この映画はチャンネル4の製作したもの。チャンネル4は、イギリスの民放なのだが、マイノリティに焦点を当てることが多く、社会の底辺にいる人々や、移民、ゲイなどを題材にとることの多いちょっと癖のある会社。代表作は「僕の国はパパの国」や「マイ・ビューティフル・ランドレッド」、「ウェルカムトゥサラエボ」など。以上かつて学部でとったイギリス映画の授業からの受け売りでした。
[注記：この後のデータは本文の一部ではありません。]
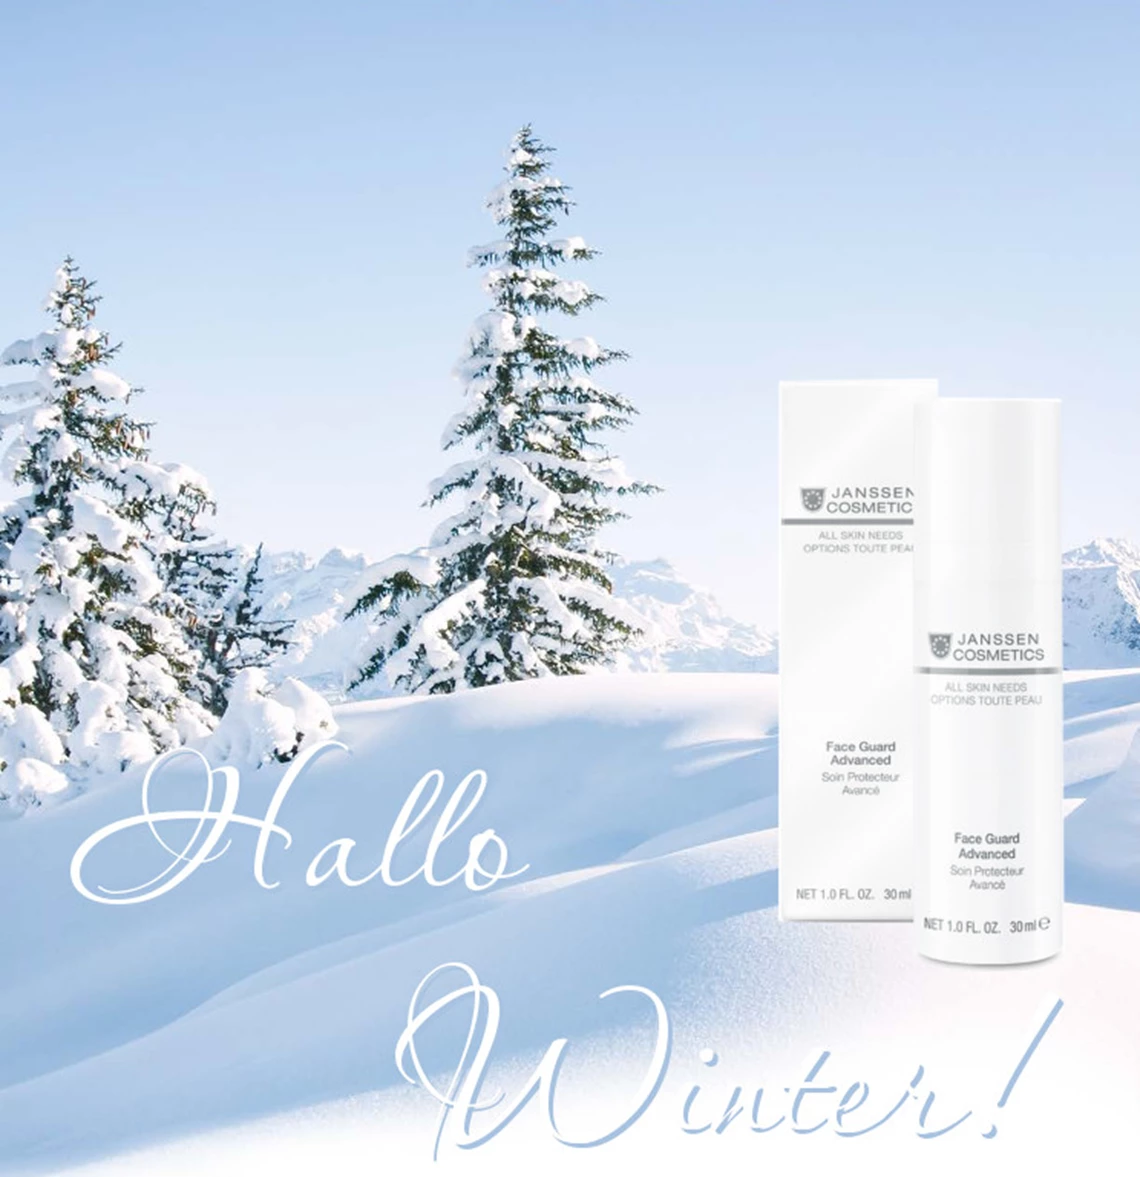 Hallo Winter mit Face Guard Advanced by Janssen Cosmetics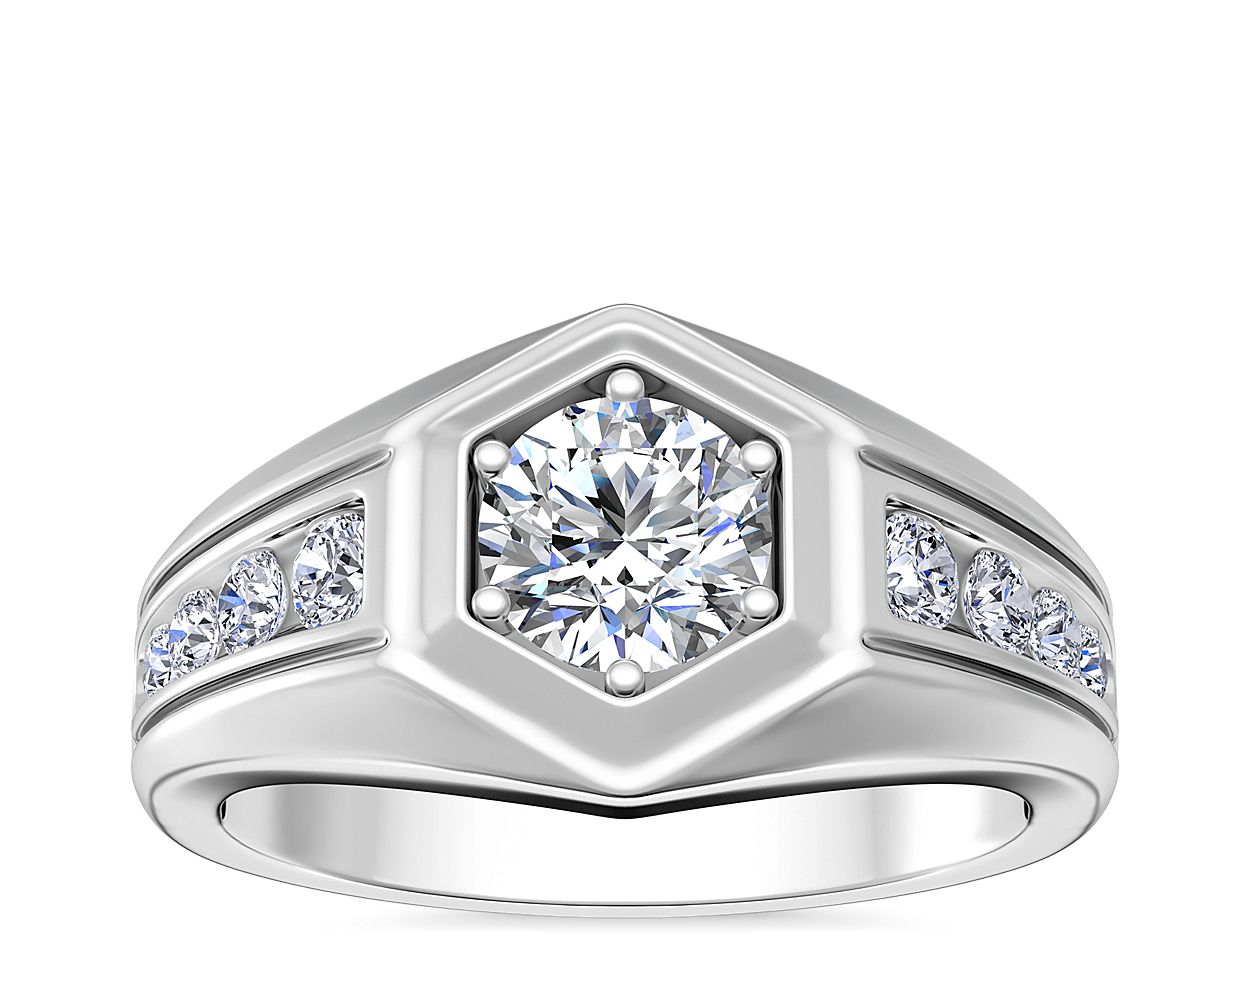 Mens Diamond Ring Designs - JD SOLITAIRE

で、そんなフィルム4のテレビ部門出身の監督の大ヒット作「フルモンティ」に続く映画第2作目ということで昨年公開されたときにかなり見たかった映画。一応コメディというジャンルになっているのだが、ハリウッド系のどたばたコメディではなくあくまでシリアスに、そしてその妙なシリアスさの中にあるチグハグした感じがコメディになるという典型的なイギリス映画でした。

でもって、アメリカ映画と比べると囚人たちの生活がやけに自由なのが目に付く。私服だし、部屋の中にいろいろと個人の物品あるし、自由に廊下とか歩き回ってるし。なんかただの寮みたいな雰囲気。これがイギリスの牢獄の実際なのだろうか。

ミュージカルシーンなんかはもっと面白くつくれたんじゃないかと思うが、メインの脱獄シーンはそこそこの定石を踏んだ展開で楽しめました。エンドクレジットが終わったあとのおまけ映像がいい感じ。

監督はこの作品の方が思い入れがあるらしいですけど、「フルモンティ」のほうが好きかな。いろいろと真面目な人間心理を描こうと試みたシーンなんかもあったのだが、全体に消化不良感があったので。「フルモンティ」はコメディの中にヒューマンドラマ、社会問題などを上手く取り入れてるからね。